• TASK TO CARRY OUT: From the first line to the last, copy the listing exactly and omit the pictures.

::: DATA EXTRACT :::

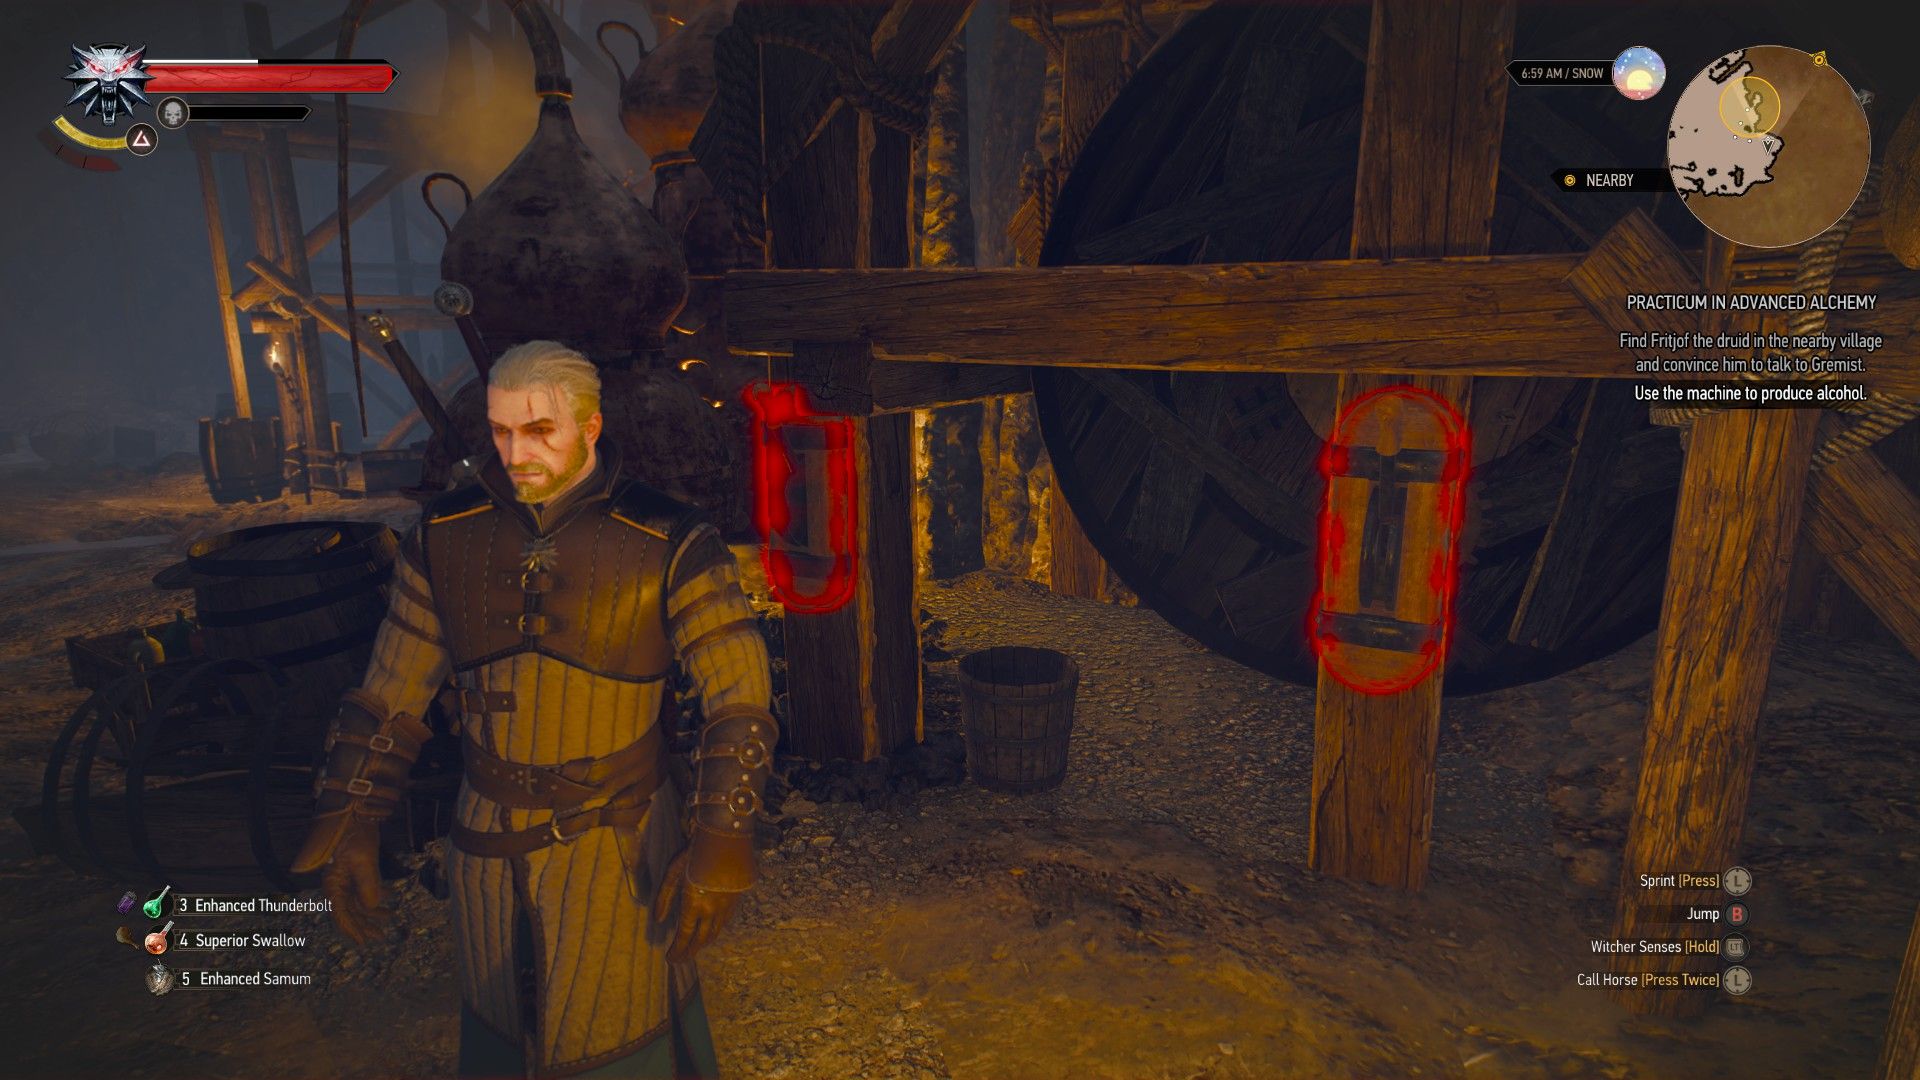 A screenshot of the pair of levers needed to produce alcohol in The Witcher 3.
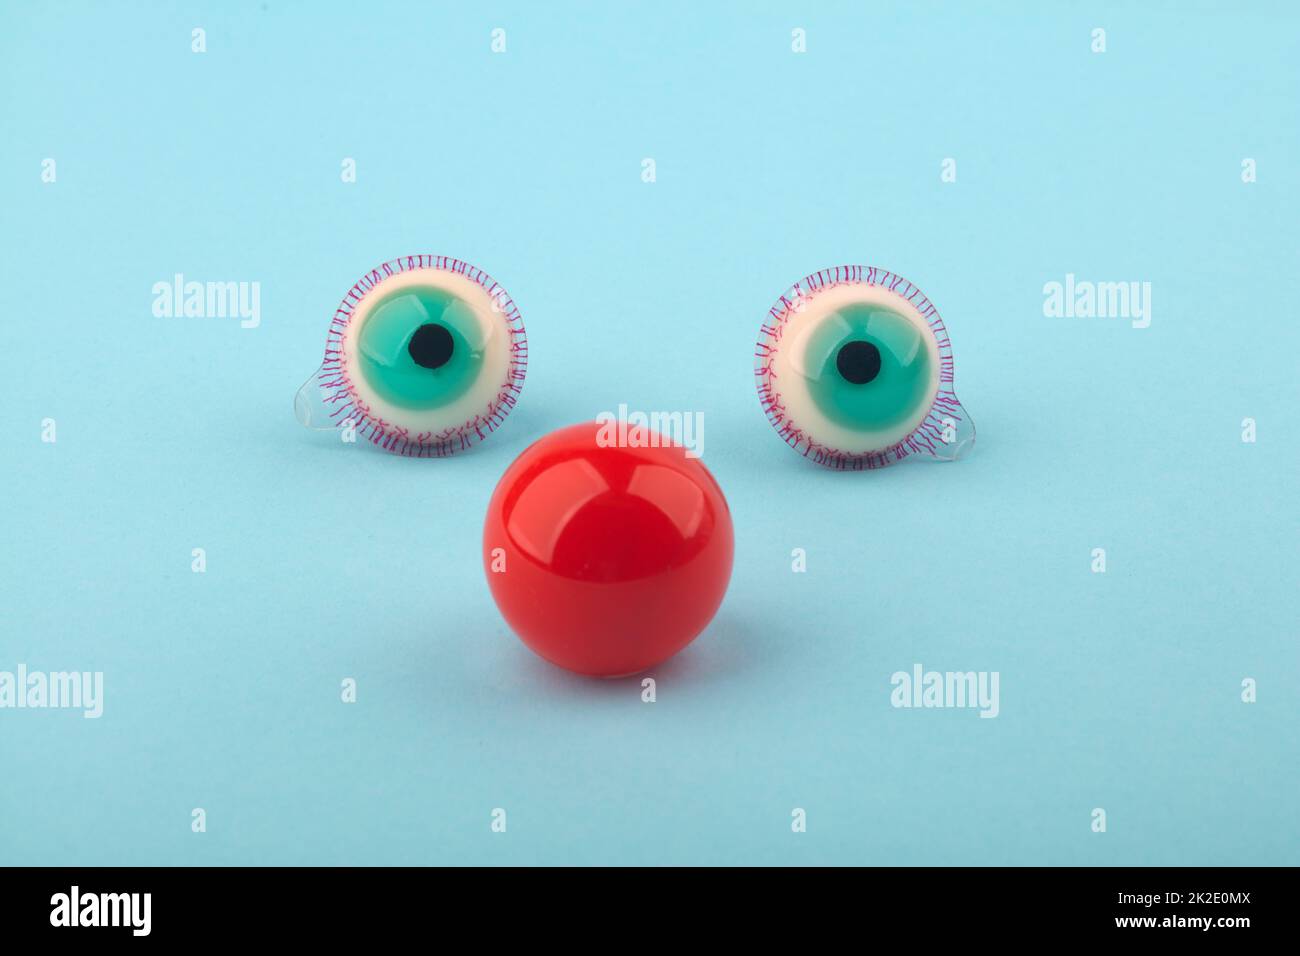 Decorative fruit candy eyes with red nose over light blue background. Conceptual photo using for funny celebration themes. Stock Photo
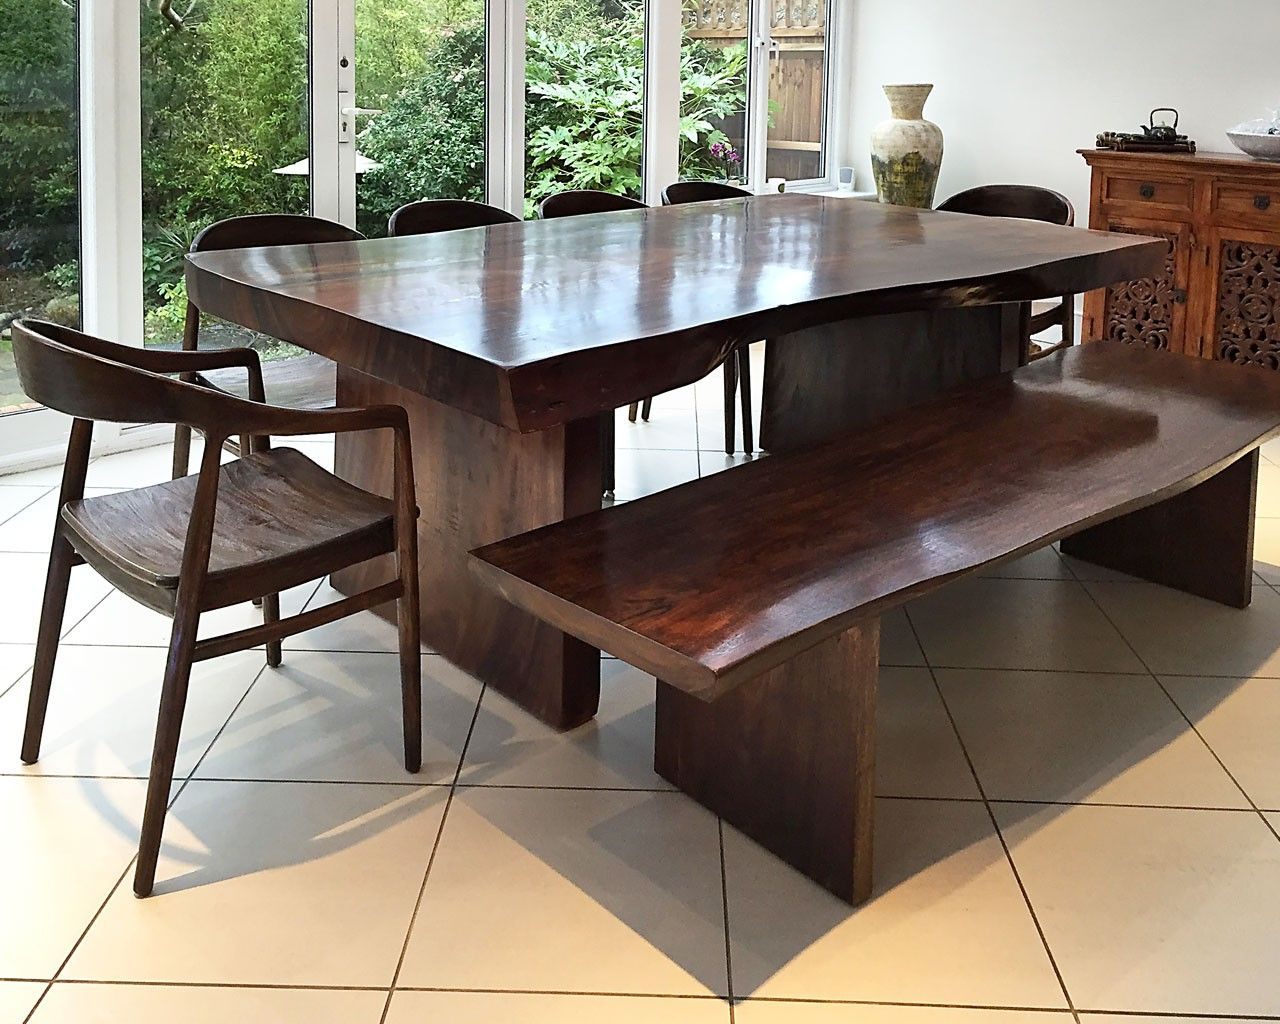 Bespoke Suar Dining Table Stained Dark With Matching Suar within dimensions 1280 X 1024
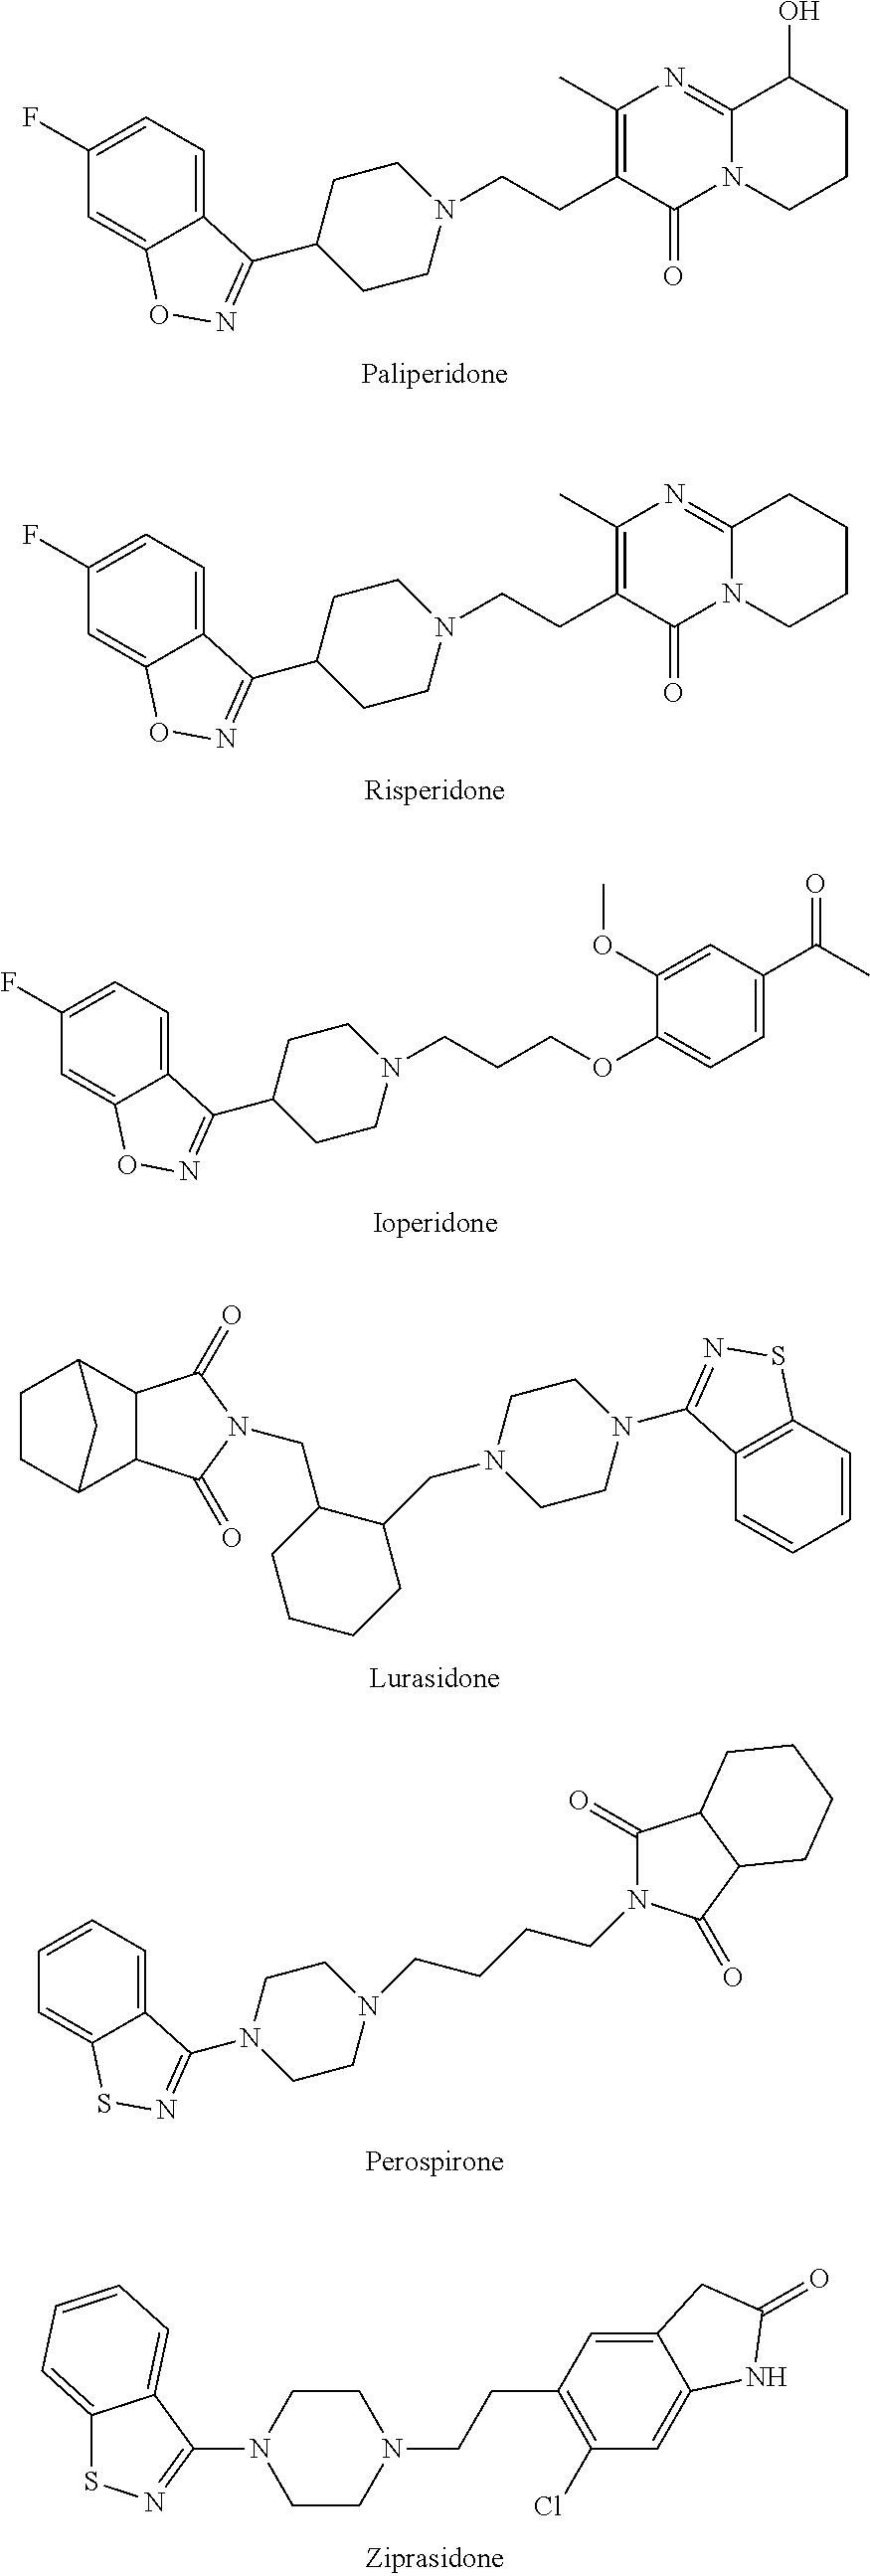 Prodrugs for the Treatment of Schizophrenia and Bipolar Disease

:::

• SOLUTION:
 A screenshot of the pair of levers needed to produce alcohol in The Witcher 3.
 Decorative fruit candy eyes with red nose over light blue background. Conceptual photo using for funny celebration themes. Stock Photo
 Bespoke Suar Dining Table Stained Dark With Matching Suar within dimensions 1280 X 1024
 Prodrugs for the Treatment of Schizophrenia and Bipolar Disease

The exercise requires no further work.